_YOUR GOAL:_ Using the data below, set down every line from the one containing "THE NORTH FACE" through the one containing "LISA-U series - System", inclusive and unchanged. Pictures are to be skipped.

==== GIVEN DATA

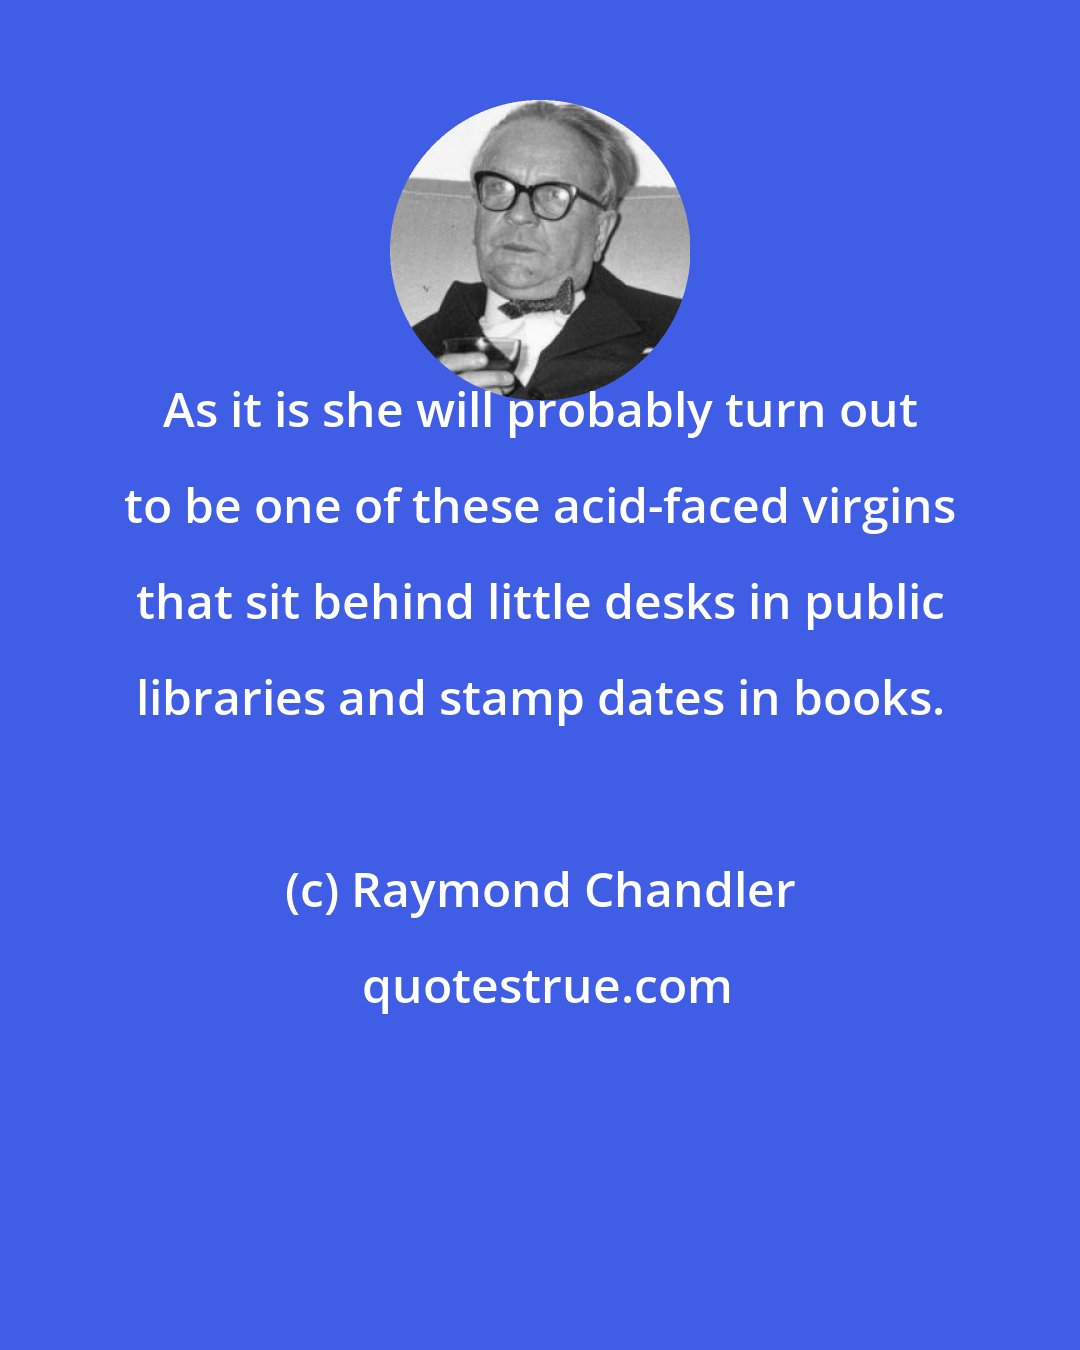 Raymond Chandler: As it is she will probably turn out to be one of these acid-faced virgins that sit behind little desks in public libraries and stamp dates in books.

========
==== GIVEN DATA

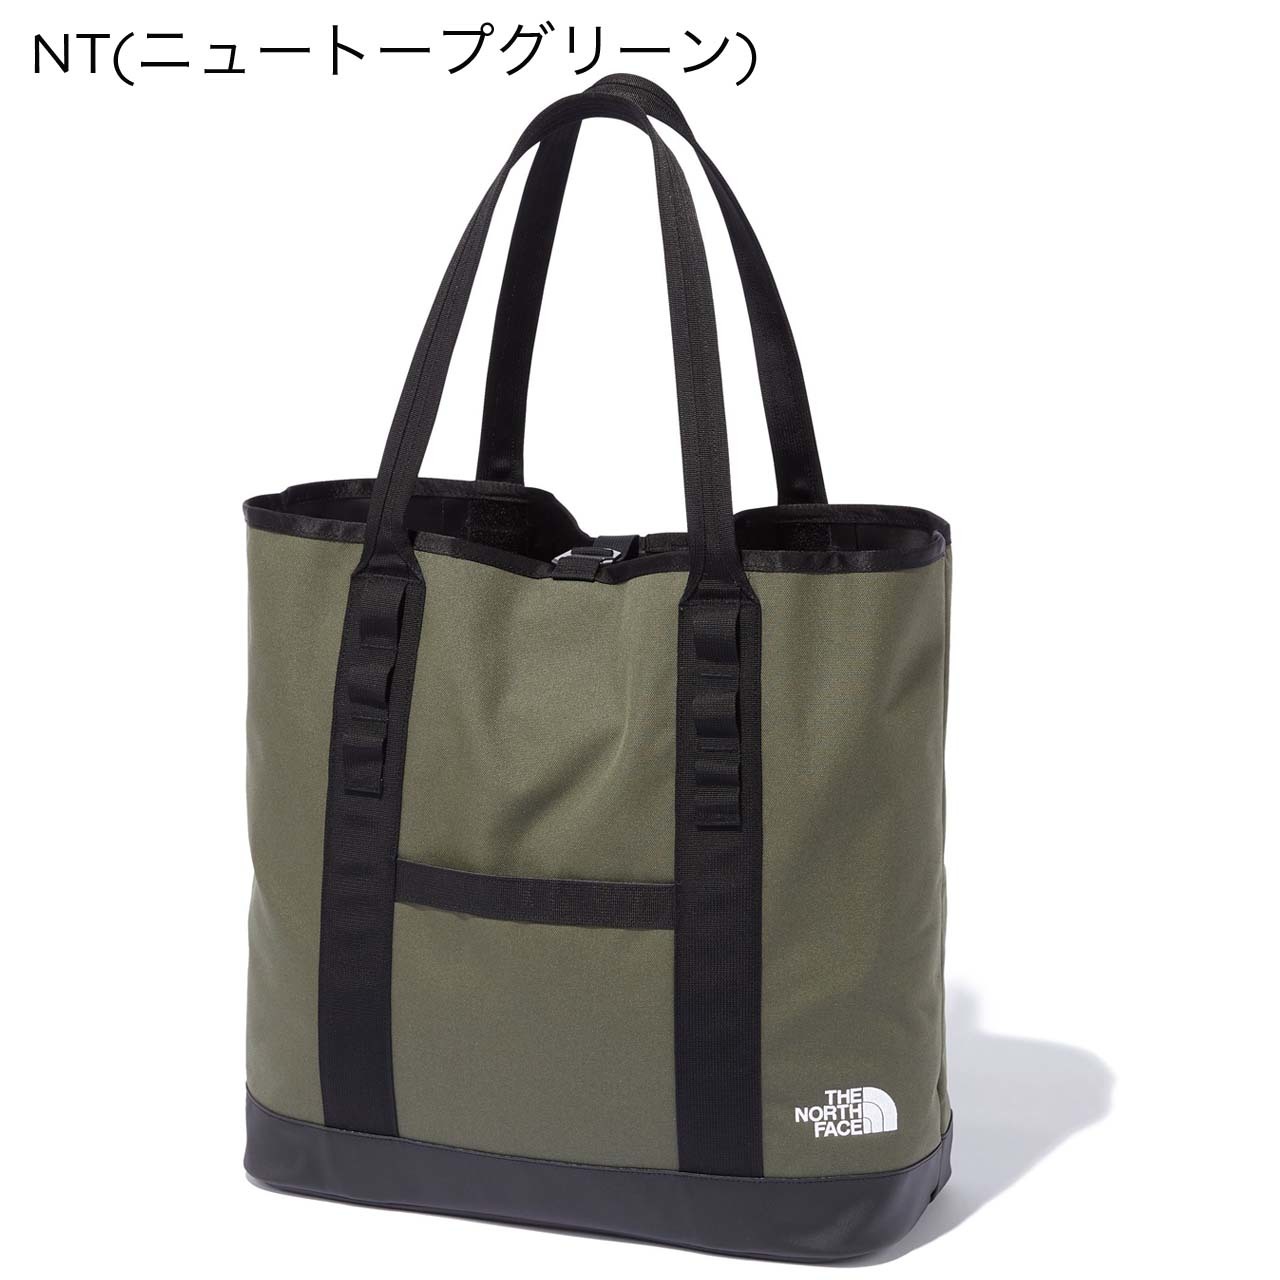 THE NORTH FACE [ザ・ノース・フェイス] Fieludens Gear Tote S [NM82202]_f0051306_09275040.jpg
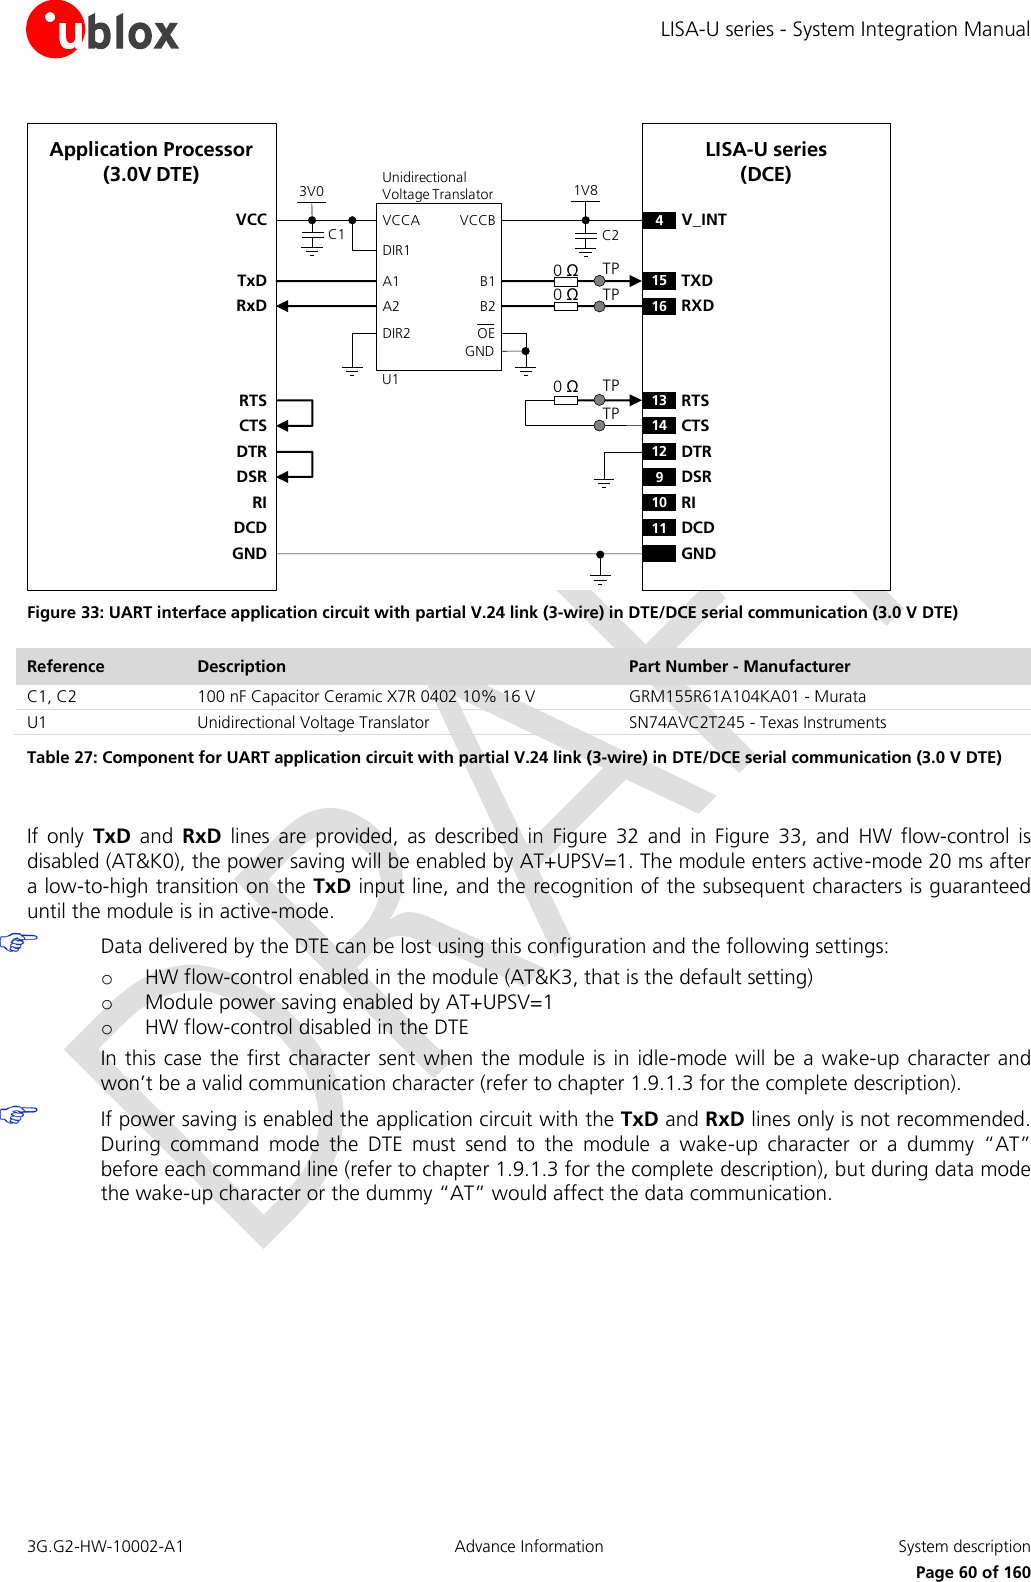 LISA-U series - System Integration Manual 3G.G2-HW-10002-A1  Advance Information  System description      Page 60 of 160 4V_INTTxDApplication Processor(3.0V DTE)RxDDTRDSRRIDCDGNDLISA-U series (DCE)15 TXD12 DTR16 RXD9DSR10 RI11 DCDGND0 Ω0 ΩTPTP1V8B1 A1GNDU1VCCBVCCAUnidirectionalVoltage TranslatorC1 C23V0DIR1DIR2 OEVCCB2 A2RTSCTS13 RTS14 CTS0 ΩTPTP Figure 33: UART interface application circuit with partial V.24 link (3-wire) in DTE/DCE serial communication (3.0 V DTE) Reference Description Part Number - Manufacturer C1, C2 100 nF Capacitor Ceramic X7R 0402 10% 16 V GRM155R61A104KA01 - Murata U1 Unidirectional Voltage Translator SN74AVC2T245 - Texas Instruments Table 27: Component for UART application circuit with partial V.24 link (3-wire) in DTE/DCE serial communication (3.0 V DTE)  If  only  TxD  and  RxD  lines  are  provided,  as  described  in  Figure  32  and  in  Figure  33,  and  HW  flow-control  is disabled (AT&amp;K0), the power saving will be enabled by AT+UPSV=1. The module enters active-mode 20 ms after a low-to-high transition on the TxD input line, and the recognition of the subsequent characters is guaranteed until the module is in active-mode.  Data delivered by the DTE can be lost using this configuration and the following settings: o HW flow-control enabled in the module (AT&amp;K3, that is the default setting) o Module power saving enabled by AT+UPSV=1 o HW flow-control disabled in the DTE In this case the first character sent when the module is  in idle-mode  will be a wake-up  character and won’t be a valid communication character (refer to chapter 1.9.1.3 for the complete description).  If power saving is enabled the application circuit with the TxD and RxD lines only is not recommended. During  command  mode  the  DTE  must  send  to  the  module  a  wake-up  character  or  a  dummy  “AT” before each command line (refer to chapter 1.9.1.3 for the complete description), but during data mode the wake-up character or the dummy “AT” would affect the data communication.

========

_SOLUTION TO THIS PROBLEM:_
 THE NORTH FACE [ザ・ノース・フェイス] Fieludens Gear Tote S [NM82202]_f0051306_09275040.jpg
 LISA-U series - System Integration Manual 3G.G2-HW-10002-A1  Advance Information  System description      Page 60 of 160 4V_INTTxDApplication Processor(3.0V DTE)RxDDTRDSRRIDCDGNDLISA-U series (DCE)15 TXD12 DTR16 RXD9DSR10 RI11 DCDGND0 Ω0 ΩTPTP1V8B1 A1GNDU1VCCBVCCAUnidirectionalVoltage TranslatorC1 C23V0DIR1DIR2 OEVCCB2 A2RTSCTS13 RTS14 CTS0 ΩTPTP Figure 33: UART interface application circuit with partial V.24 link (3-wire) in DTE/DCE serial communication (3.0 V DTE) Reference Description Part Number - Manufacturer C1, C2 100 nF Capacitor Ceramic X7R 0402 10% 16 V GRM155R61A104KA01 - Murata U1 Unidirectional Voltage Translator SN74AVC2T245 - Texas Instruments Table 27: Component for UART application circuit with partial V.24 link (3-wire) in DTE/DCE serial communication (3.0 V DTE)  If  only  TxD  and  RxD  lines  are  provided,  as  described  in  Figure  32  and  in  Figure  33,  and  HW  flow-control  is disabled (AT&amp;K0), the power saving will be enabled by AT+UPSV=1. The module enters active-mode 20 ms after a low-to-high transition on the TxD input line, and the recognition of the subsequent characters is guaranteed until the module is in active-mode.  Data delivered by the DTE can be lost using this configuration and the following settings: o HW flow-control enabled in the module (AT&amp;K3, that is the default setting) o Module power saving enabled by AT+UPSV=1 o HW flow-control disabled in the DTE In this case the first character sent when the module is  in idle-mode  will be a wake-up  character and won’t be a valid communication character (refer to chapter 1.9.1.3 for the complete description).  If power saving is enabled the application circuit with the TxD and RxD lines only is not recommended. During  command  mode  the  DTE  must  send  to  the  module  a  wake-up  character  or  a  dummy  “AT” before each command line (refer to chapter 1.9.1.3 for the complete description), but during data mode the wake-up character or the dummy “AT” would affect the data communication.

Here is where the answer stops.